Michael: What we say is if you want to cross this chasm and get into the beachhead, the beachhead is the first segment, a vertical, or an application, or a specific geography and customer type, could even be a job title. If you need and want to focus on that specifically, then there must be a compelling reason to buy. And by that we mean not just for the product, but for the category, for this new SaaS type solution, or this hybrid cloud, or this big data, or analytics. There must be a real pain point inside, not your mind as the vendor, but in the customer’s mind in that beachhead segment.

And compelling reason to buy is do they understand they have a problem. We’ve seen many companies and many people running product lines who say, ‘Well, the customer doesn’t really understand their problem, but we can go out and educate them on that problem.’

Our short answer is, don’t do that, go find a different segment. If they don’t understand they have a problem, then you’re going to be having a long sales cycle of frustrating timing. Compelling reason confusion is most vendors have lots of reasons for why they want to sell the product and why you should buy. We call that compelling reason to sell. That’s the opposite of being customer centric.

We need to focus on the compelling reason why the customer wants to buy the category and the solution. And that’s very different than what’s often on our website as a vendor or in our sales pitches and so forth.

So, to bring this home, if we believe what this can be is the speed of processing for large transactions in a financial services company can be reduced by 15 percent with this new solution, but the reality is that’s your compelling reason to sell.

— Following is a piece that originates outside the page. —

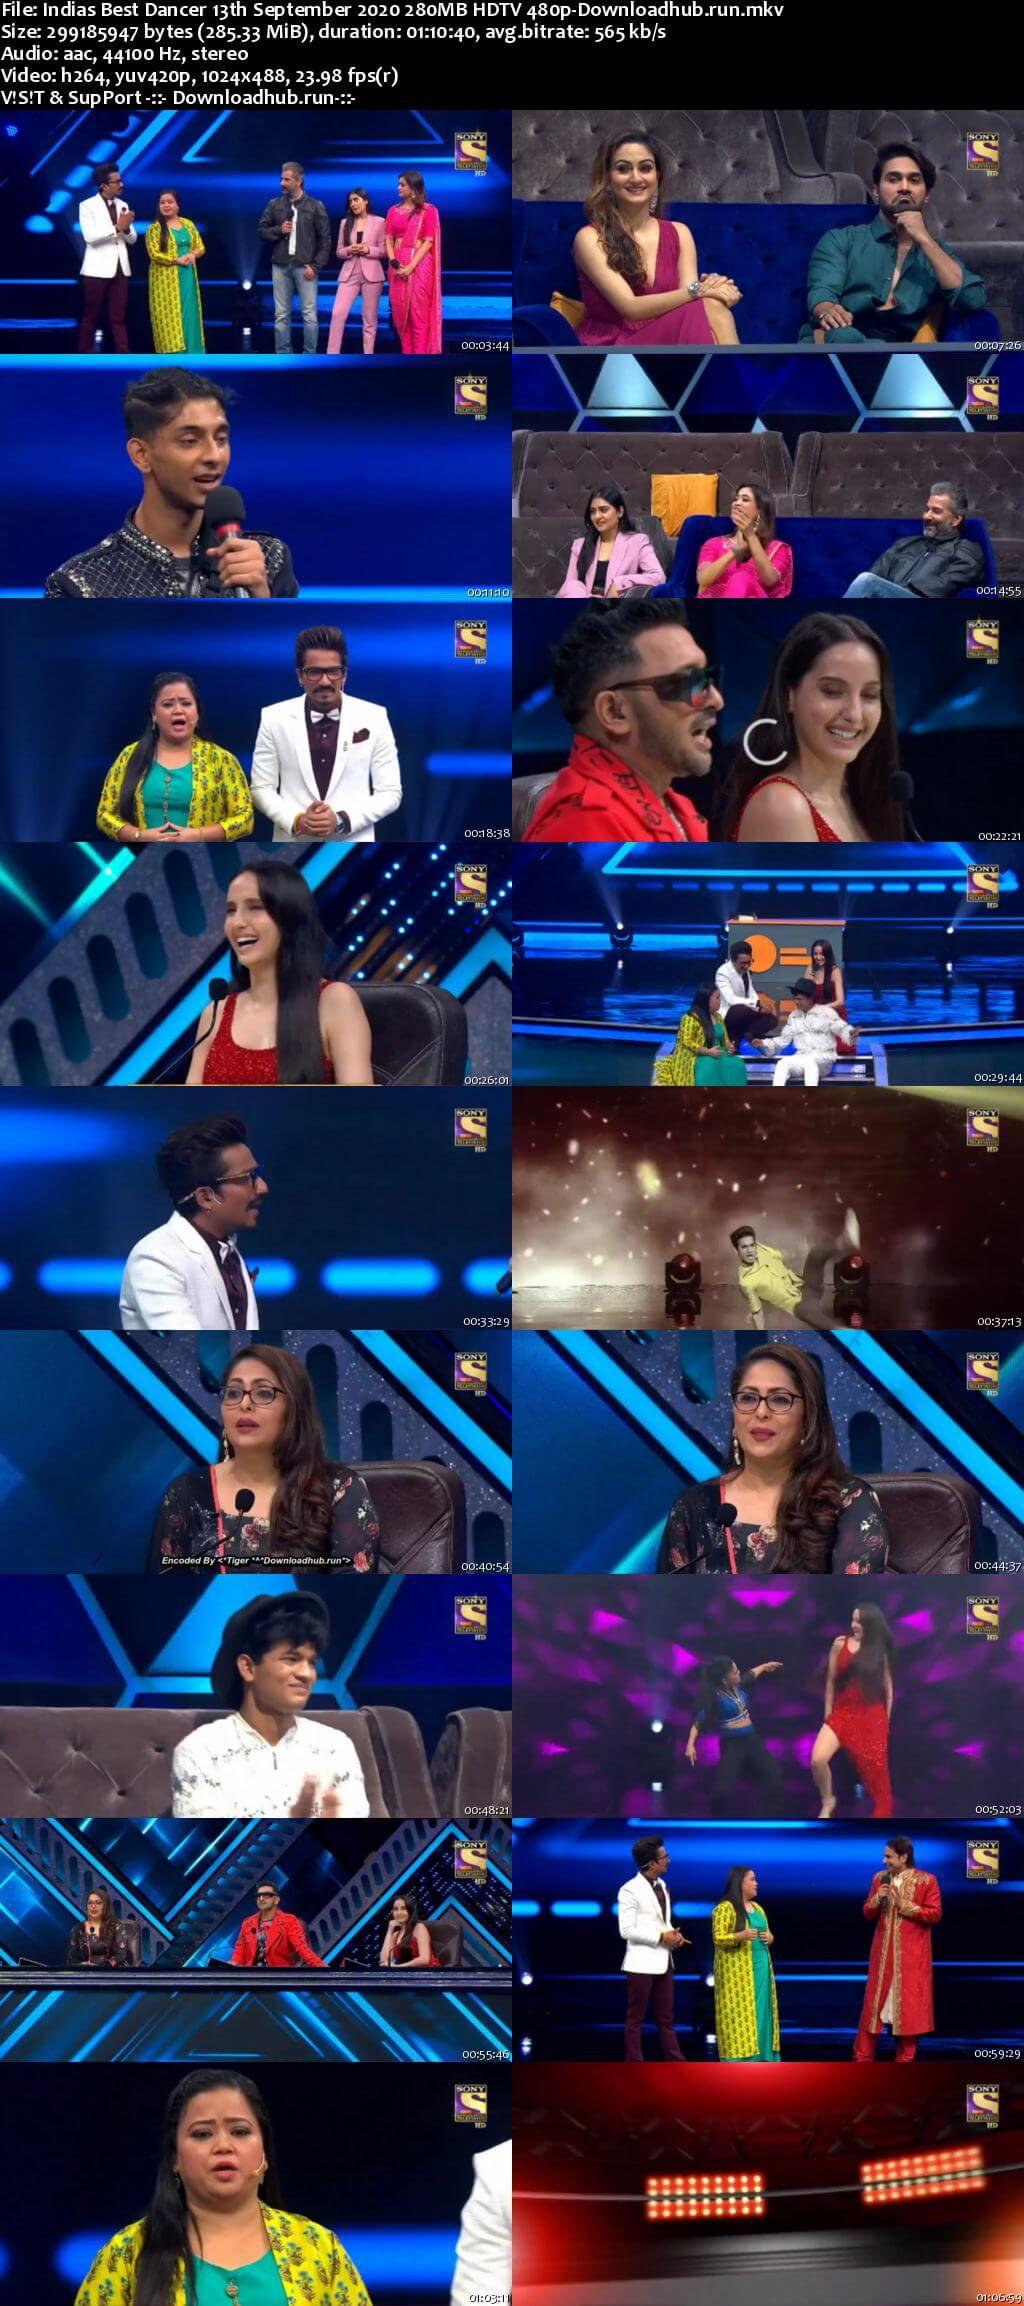 Indias Best Dancer 13 September 2020 Episode 28 HDTV 480p

But the real issue for the customer in the financial institution whether Citibank, or Wells Fargo or Bank of America, is not about processing volume, but perhaps accuracy of processing and lack of error rates being minimal, then that’s the compelling reason to buy, not what you think the product can deliver. It’s often a dichotomy between what we think we’re selling and what the customer actually thinks they’re buying. And the one who’s right, sorry to say or happy to say, is the customer and not our view of what the product can do.